Life or Something Like It

“Life or Something Like It” is an example of synergy at work. There are myriad problems with the film — a pat, too-perfect ending, for example, and some pretty sloppy writing — but when seen as a whole, it has charm and grace. More than it should, certainly.

Chalk a lot of that up to Angelina Jolie, finally demonstrating that she does not have to be creepy and unsettling all the time. Here she plays Lanie Kerrigan, a Seattle TV news reporter who is just shallow enough to be believable, but disarmingly friendly enough to be likable.

Lanie has a great apartment, a handsome baseball-player boyfriend (Christian Kane) and a high-profile job. She works out every day and is the picture of health. She actually says these words: “My life is perfect.” This is akin to a slasher-film character saying, “I’ll be right back.”

While doing a human-interest story on a homeless psychic named Prophet Jack (Tony Shalhoub), Lanie gets her own future predicted, and it includes her impending death. She is only mildly freaked out, until Jack’s other prophecies (mostly dealing with the weather and sports scores) prove accurate. Will she die? How does one spend the final days of one’s life?

Since romantic comedies require the protagonist to give up one love interest in exchange for a better one, the baseball player is made to be on the road all the time and a little dumb. Lanie’s better option is her cameraman, Pete (Edward Burns), and since romantic comedies require the protagonist’s better option to be someone she initially despises, Pete is sloppy and carefree and spontaneous — the polar opposite of Lanie.

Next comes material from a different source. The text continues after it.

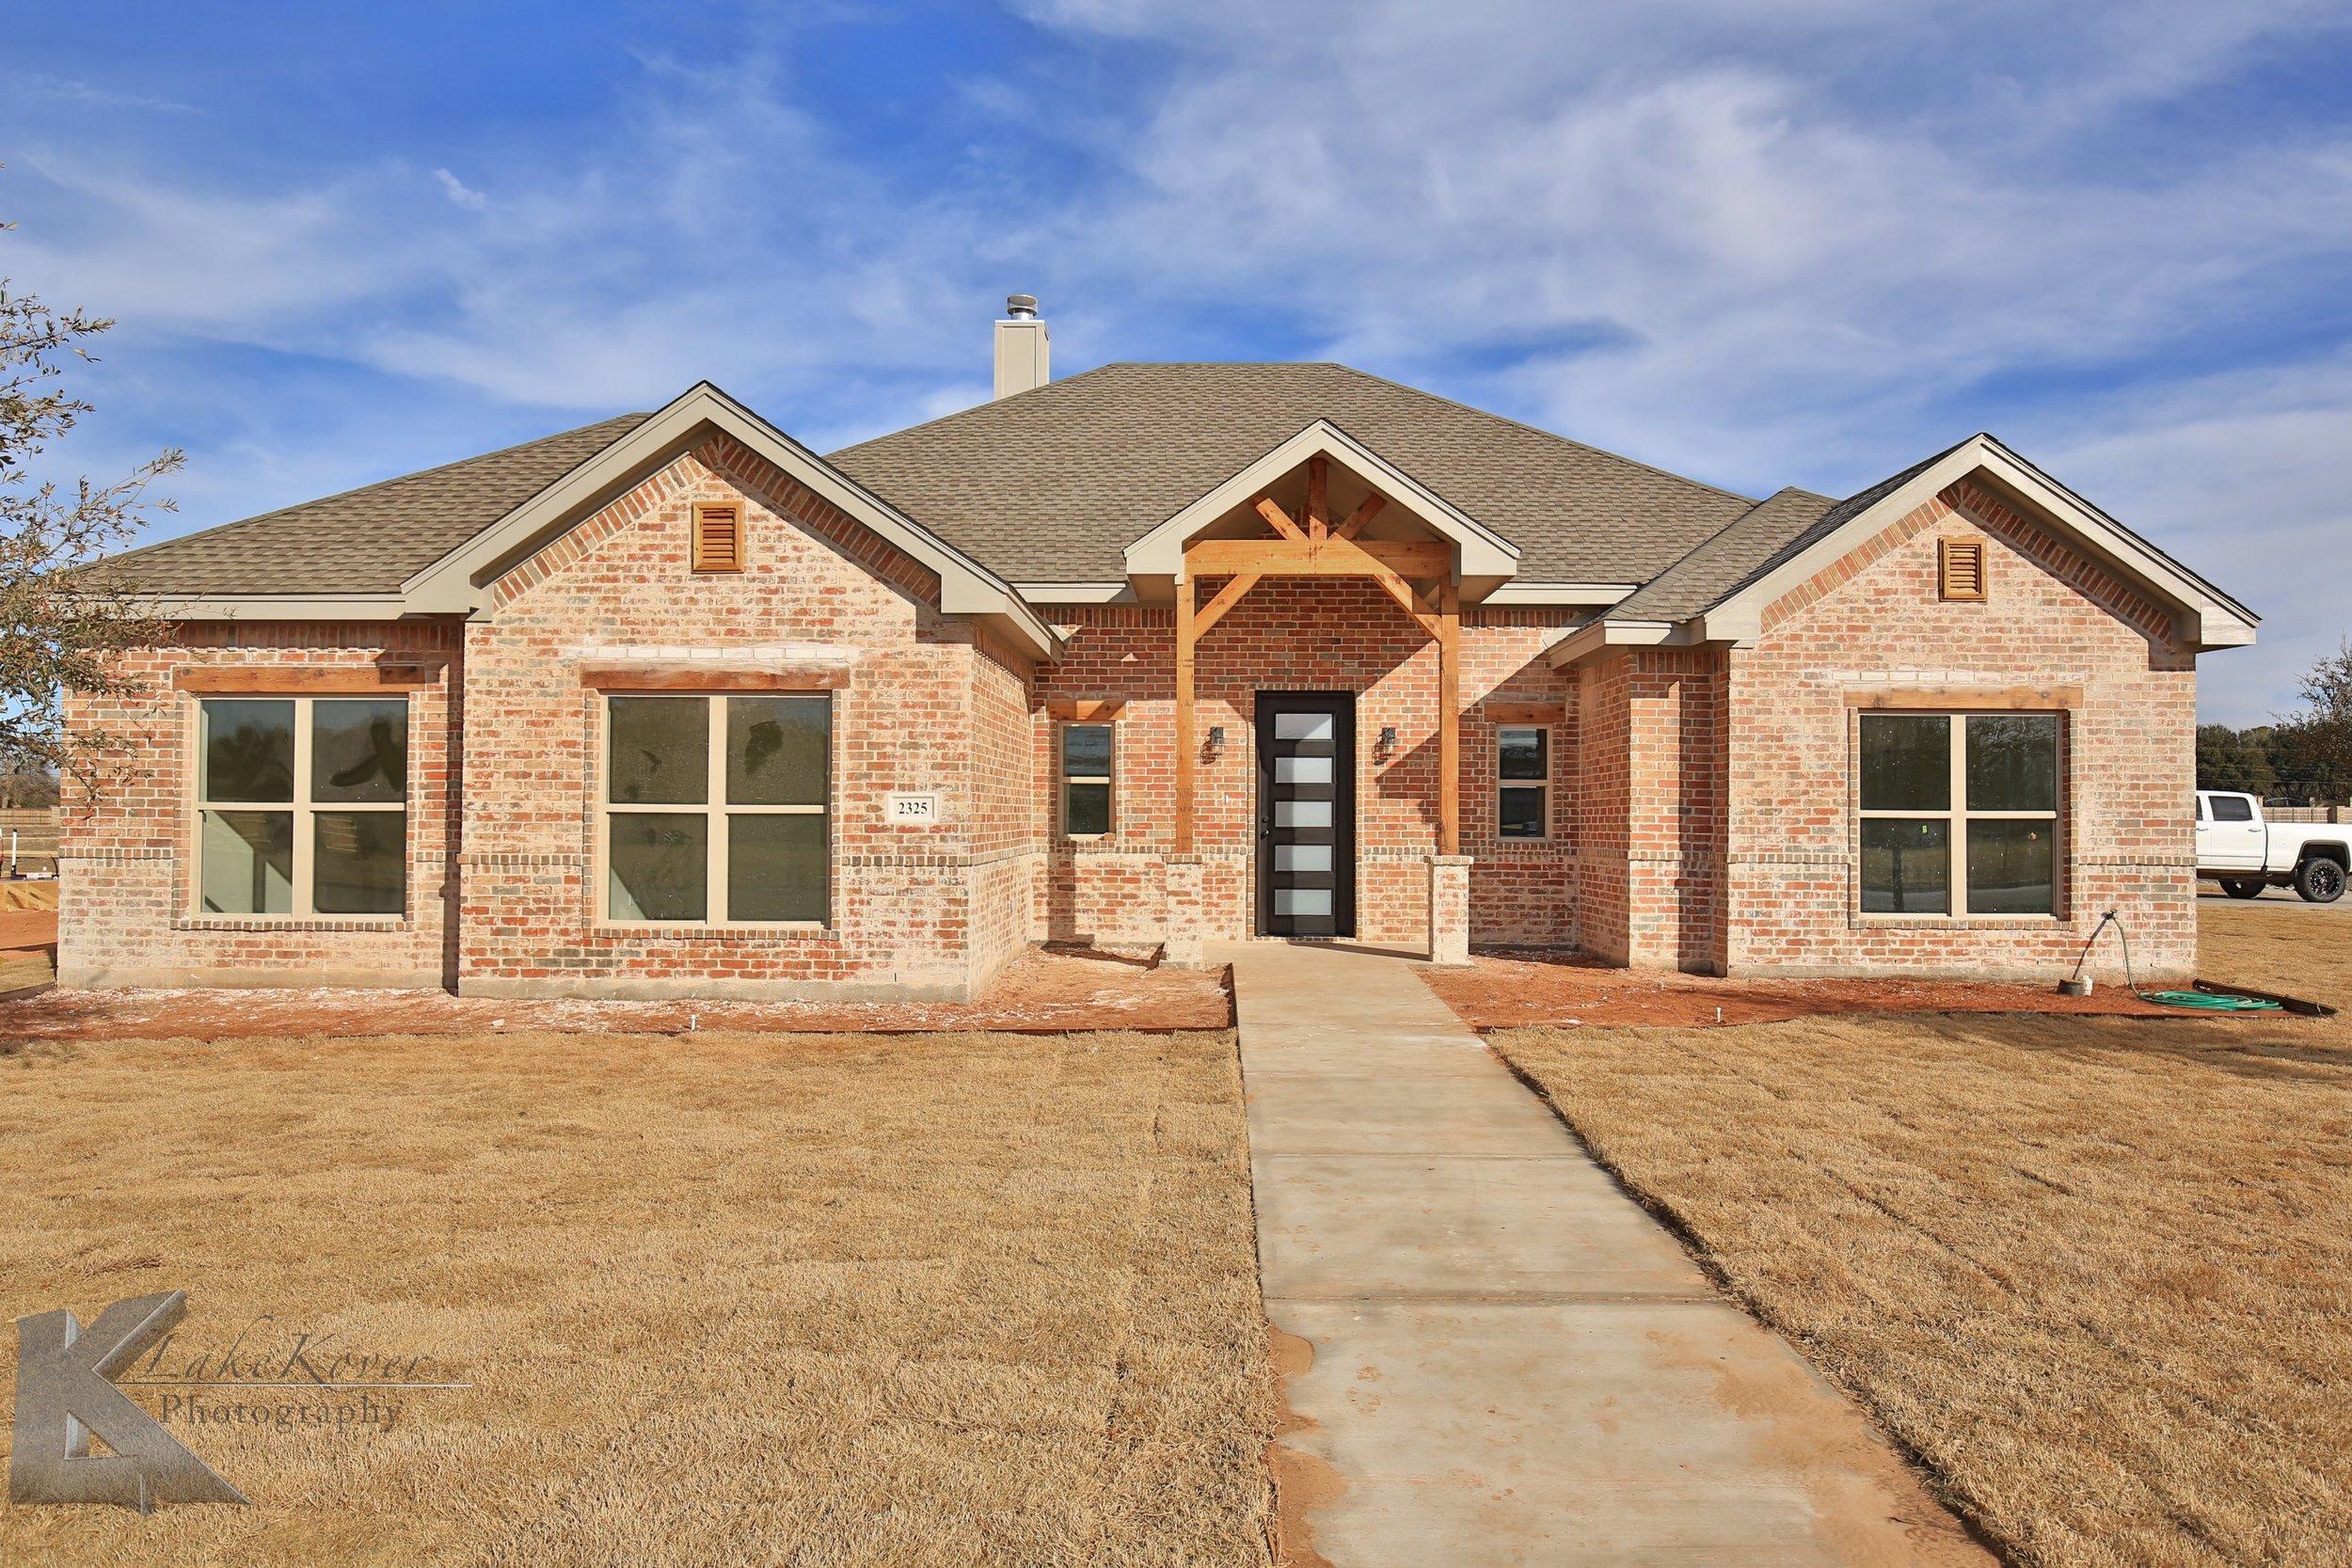 Savannah Oaks Abilene Texas Real Estate Kyle Paul Construction

Stockard Channing has one fantastic scene as a Barbara Walters-type TV journalist whom Lanie interviews. It’s a quiet scene, subtly played, and Channing admirably overcomes the awkward way it’s written. (Basically, one simple question gets her to reveal secrets she’d never shared before.)

There is also a wonderfully silly scene in which all of Seattle, it seems, sings “I Can’t Get No Satisfaction.” Such an event is not believable, but when it’s perpetrated in a movie with the right style and attitude, it can work. It works here.

Early on, you ask yourself, “Is this going to be a movie about living life to the fullest and appreciating every moment?” I report somewhat wearily that the answer is yes. Unlike films that make you happy just to be alive, this one makes you feel like you’ve watched a slightly above-average, somewhat dawdly and meandering romantic comedy. You come out of it no worse for the wear, but not exactly invigorated, either.